# Thanks to Matt!!



## beersalt (Feb 3, 2017)

I just wanna throw it out, and give a big fuck yea fuck yea to Matt Derrick for providing this awesome space for misfit travelers!! I had the pleasure of meeting him at slabs a month or two ago and to spend some time working and chillin with him at the library as well as going on a road trip with him to the RTR this year.

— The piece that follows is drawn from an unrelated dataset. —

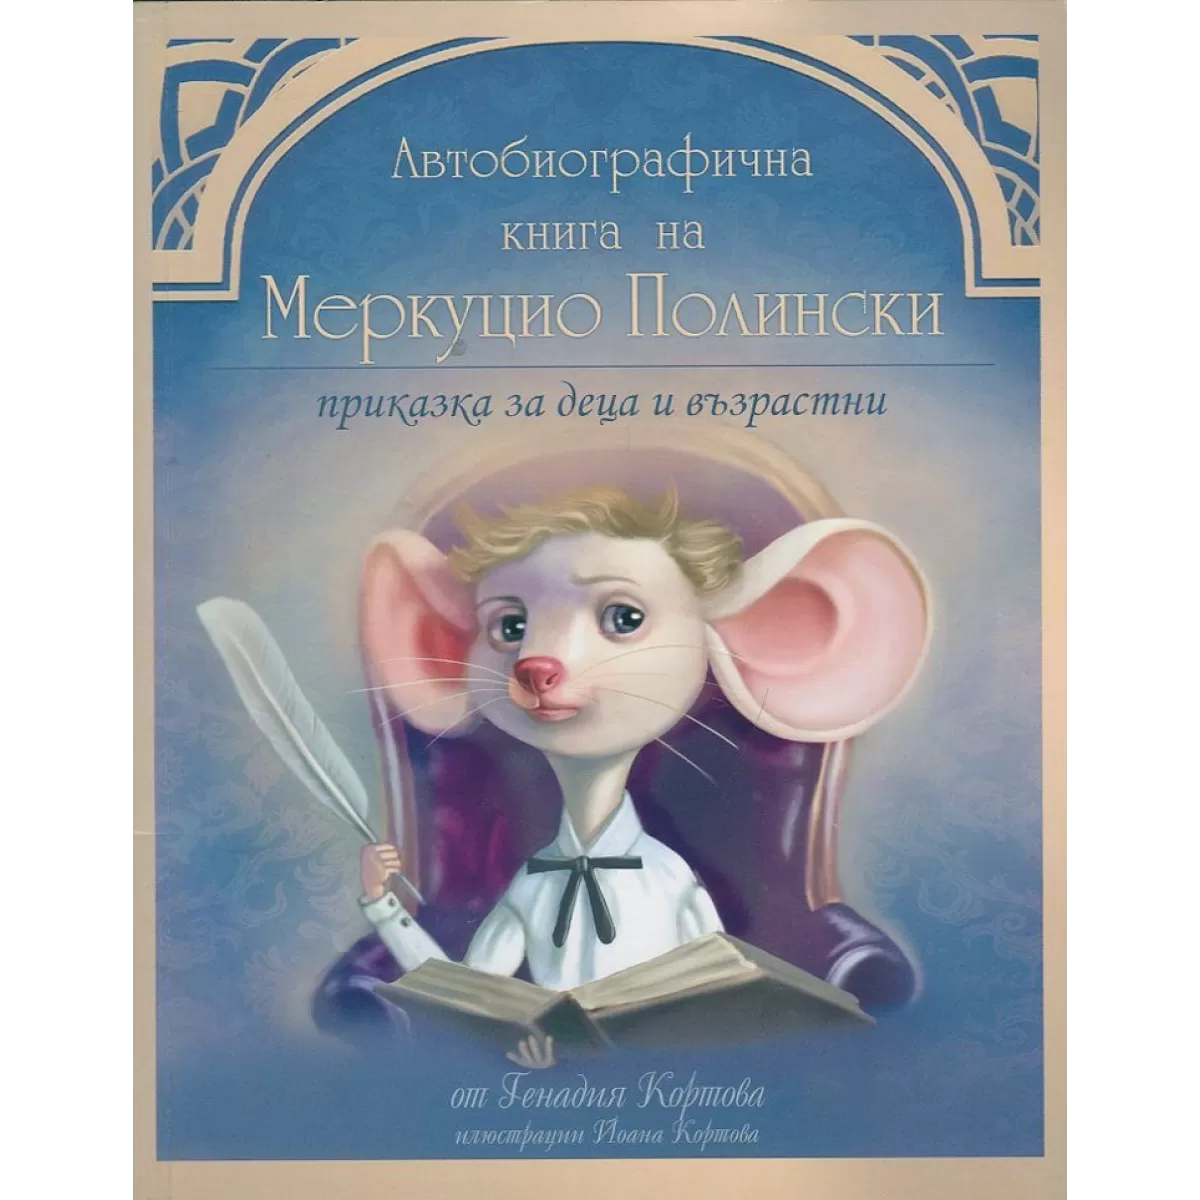 Автобиографична книга на Меркуцио Полински. Приказка за деца и възрастни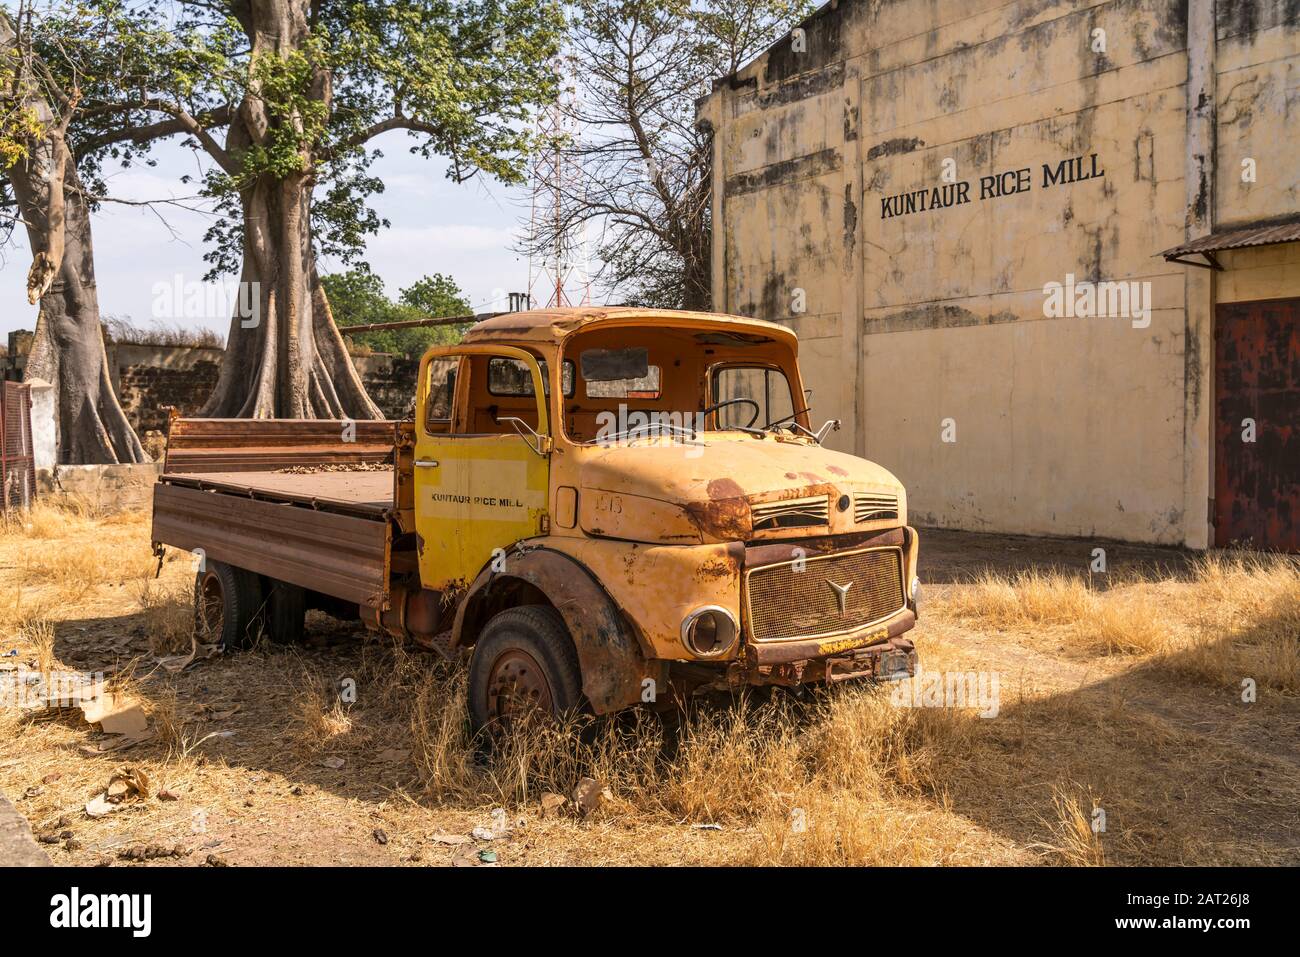 LKW Rack vor der verlassenen ehemaligen Reis Mühle en Kunteur , Gambia, Westafrika | camión naufragado en el antiguo molino de arroz abandonado en Kuntaur, Gam Foto de stock

He's one of the most level headed and caring dirty kids I've met and I'm happy to call him my friend and DAD! Thanks for the space Matt!


----------



## ped (Feb 3, 2017)

you mean mike?


----------



## beersalt (Feb 3, 2017)

No... I mean Matt...


----------



## beersalt (Feb 3, 2017)

Ya know, the guy who created this website... Lol


----------



## Deleted member 125 (Feb 3, 2017)

someone calling matt dad...guess it had to happen sooner or later...


----------



## beersalt (Feb 3, 2017)

Inside joke from the RTR trip lol


----------



## beersalt (Feb 3, 2017)

Actually there's a few of us that do, he'll get it


----------



## LeeenPocket (Feb 5, 2017)

Daddddd!!!!!! We miss you!!!!!


----------



## ChezaRose (Feb 6, 2017)

Haha how cute!

This place really is pretty awesome though. On and off the road.

This girl I liked back about five and a half years ago inadvertently showed me this website I've been off and on ever since.

I love my little rabbits. Even when they're moody.


----------